RAW DATA:
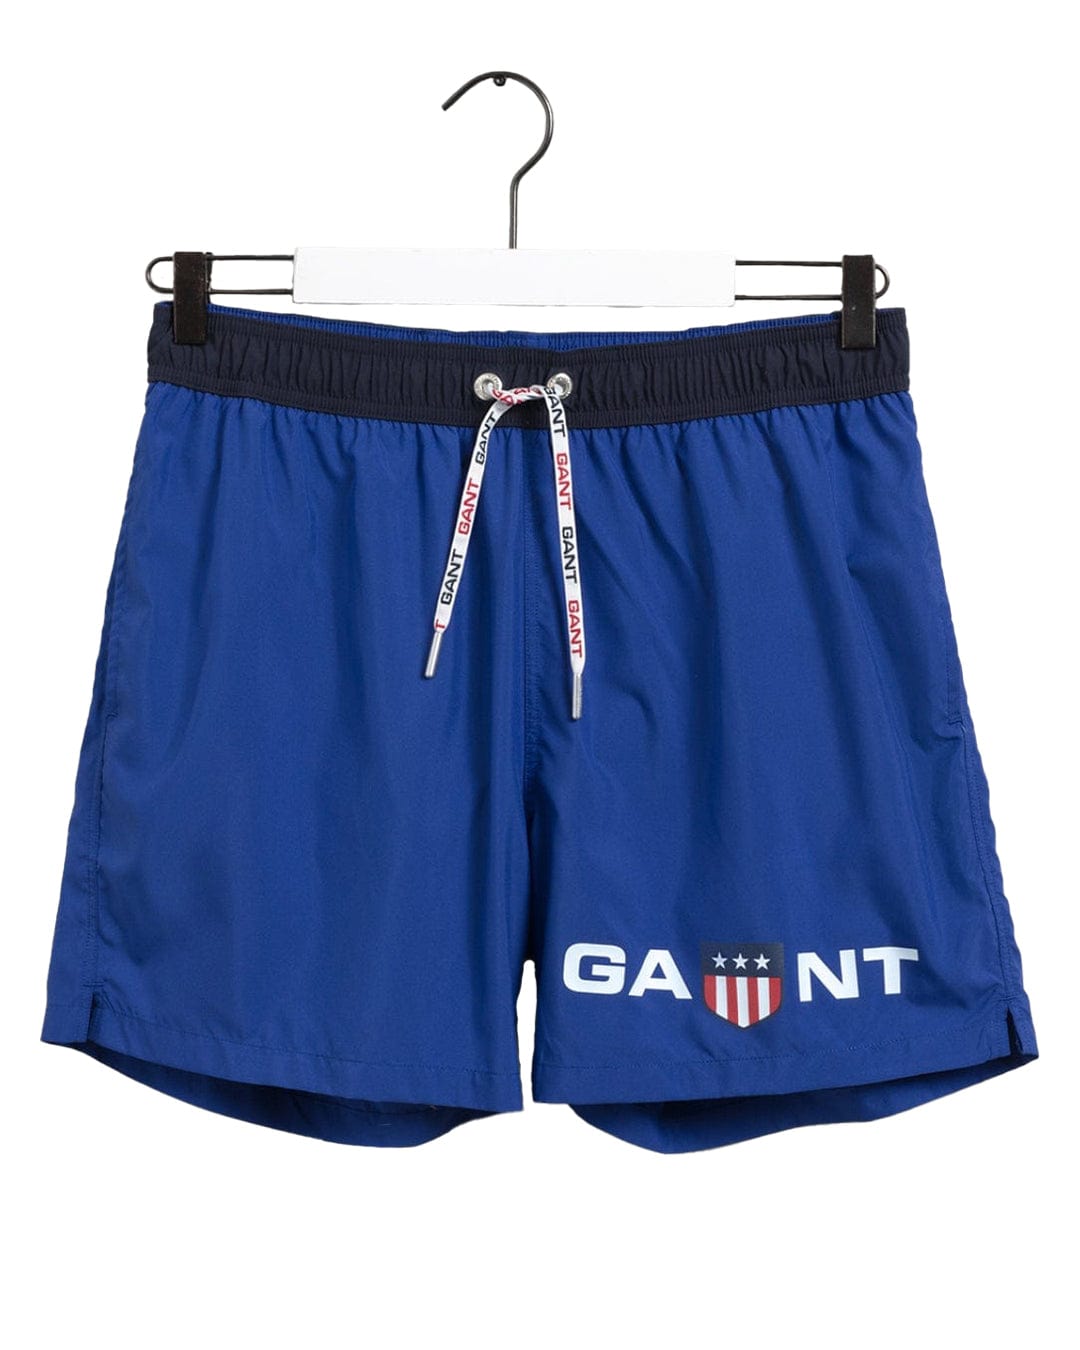 Gant Swimwear Gant Blue And Navy Retro Shield Swim Shorts
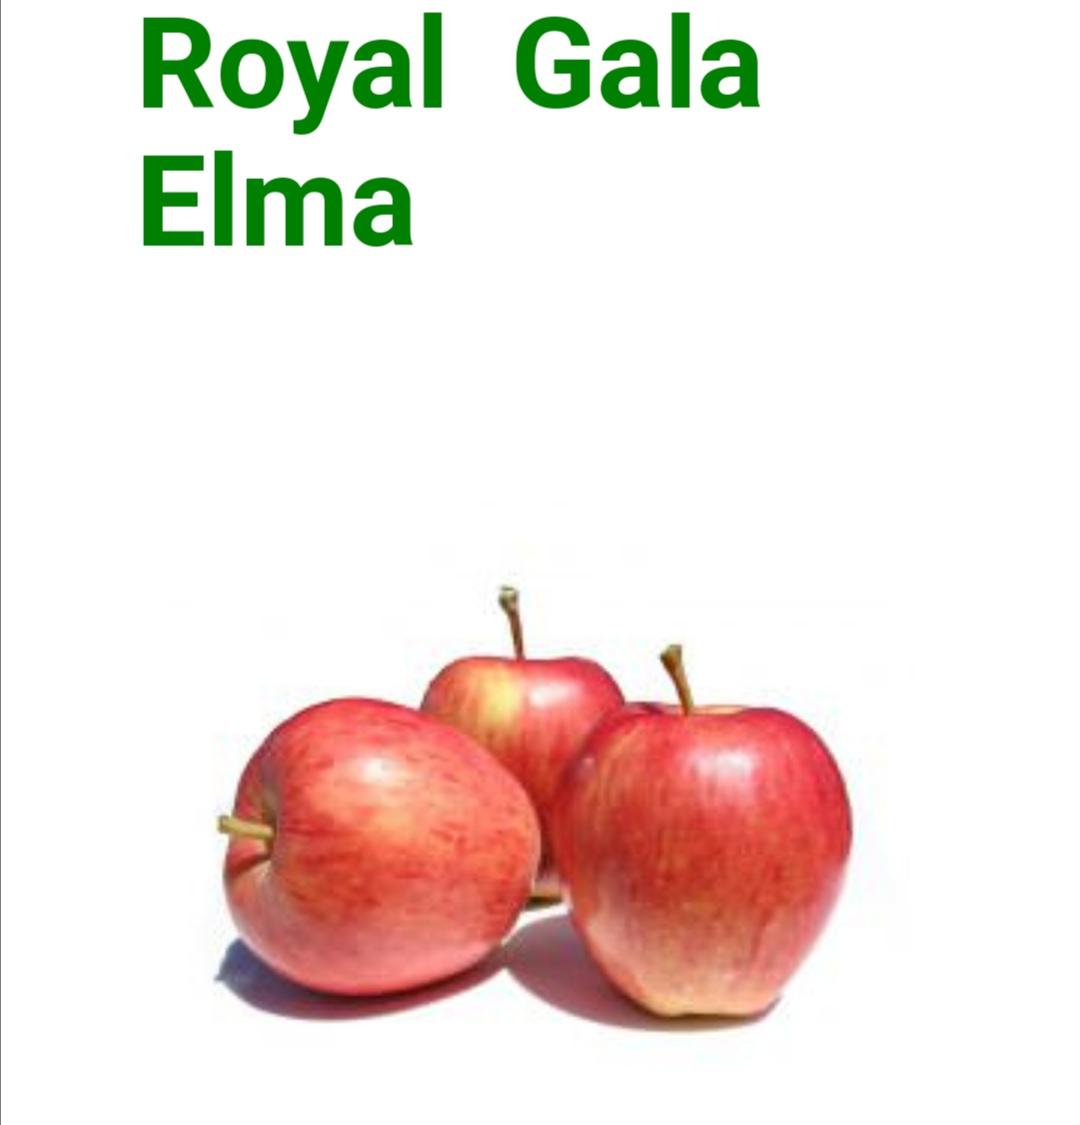 Elma - Eyup Severbas tarafından verilen gala çeşidi elma alım ilanlarını tarimziraat.com adresinde bulabilirsiniz.
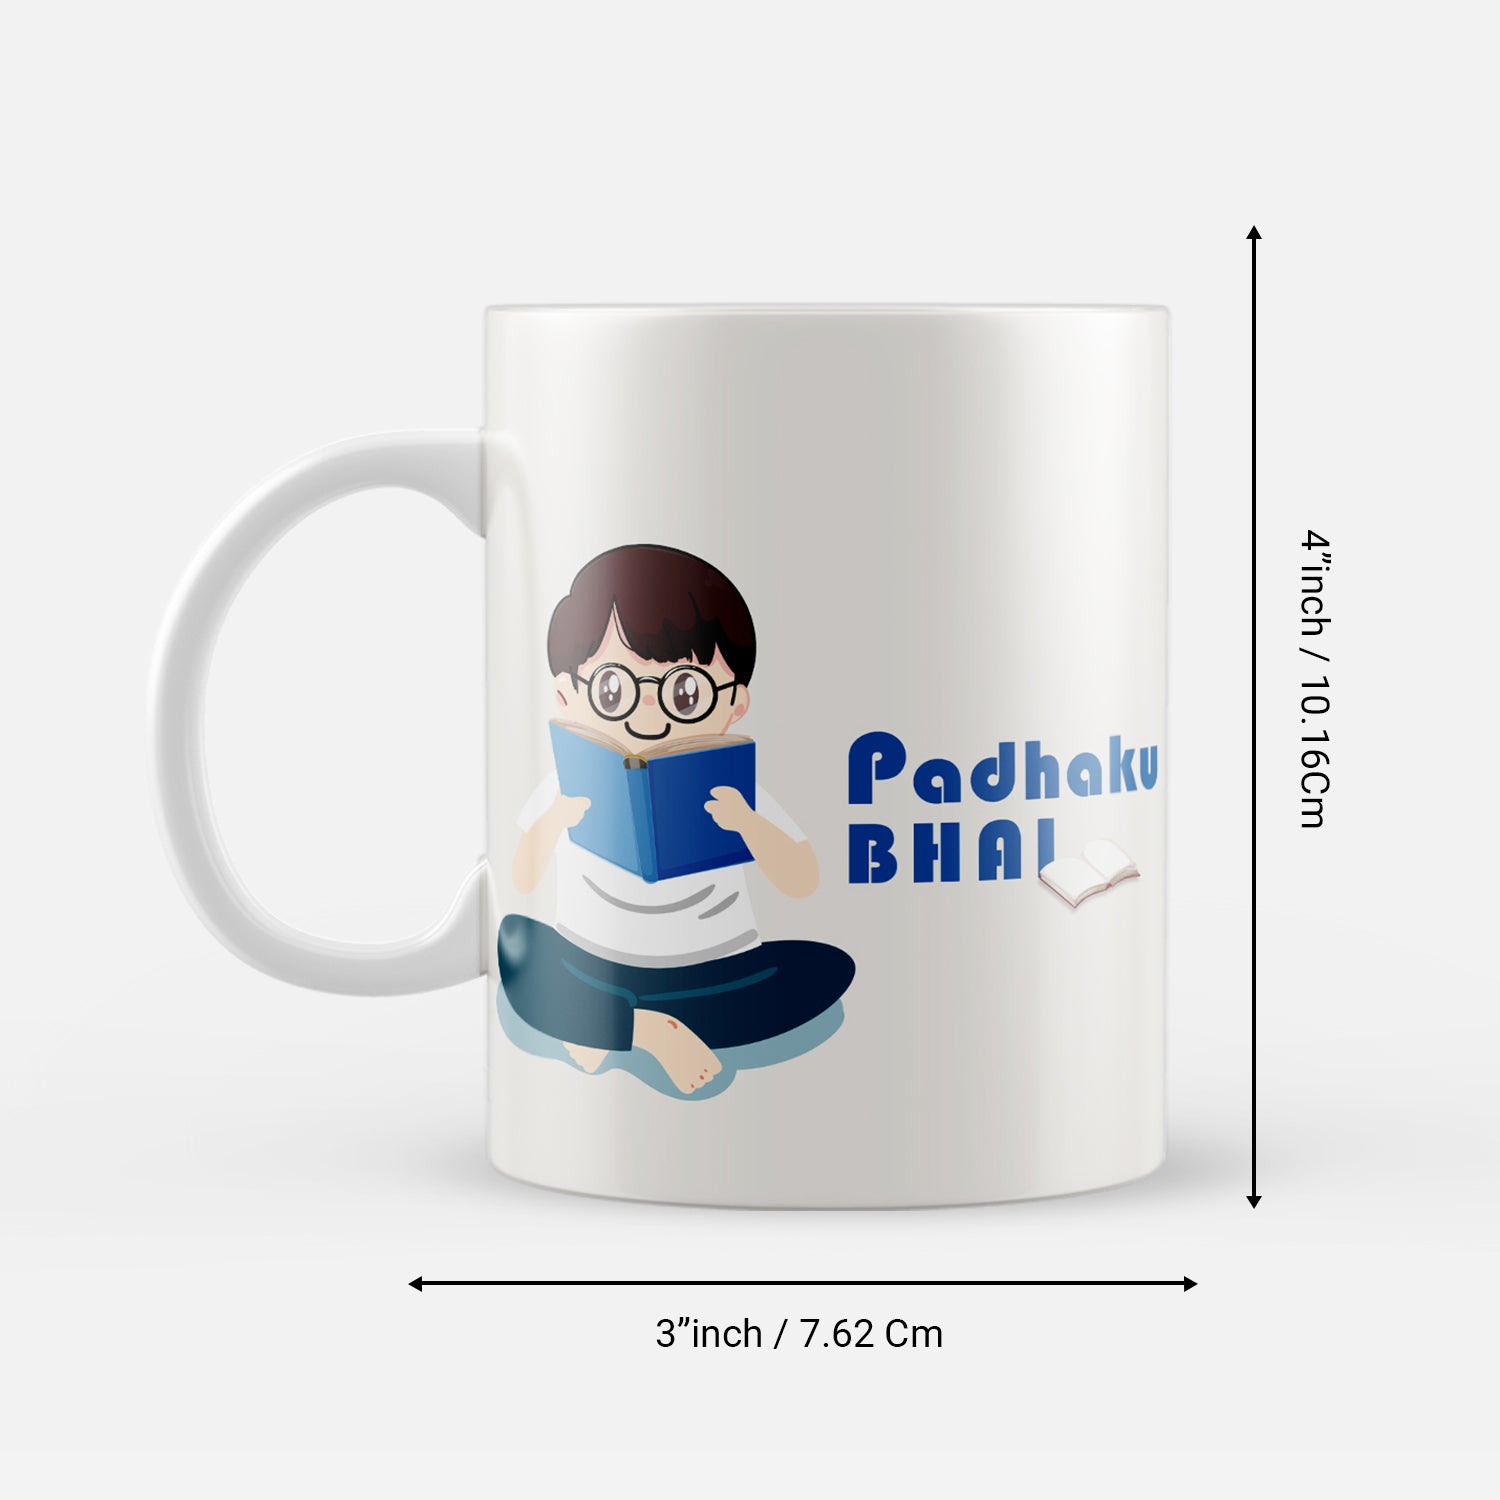 "Padhaku Bhai" Brother Ceramic Coffee/Tea Mug 3

EXERCISE AIM:
Wherever a picture appears, omit it; copy the rest of the data exactly.

RESULT:
 Gant Swimwear Gant Blue And Navy Retro Shield Swim Shorts
 Elma - Eyup Severbas tarafından verilen gala çeşidi elma alım ilanlarını tarimziraat.com adresinde bulabilirsiniz.
 "Padhaku Bhai" Brother Ceramic Coffee/Tea Mug 3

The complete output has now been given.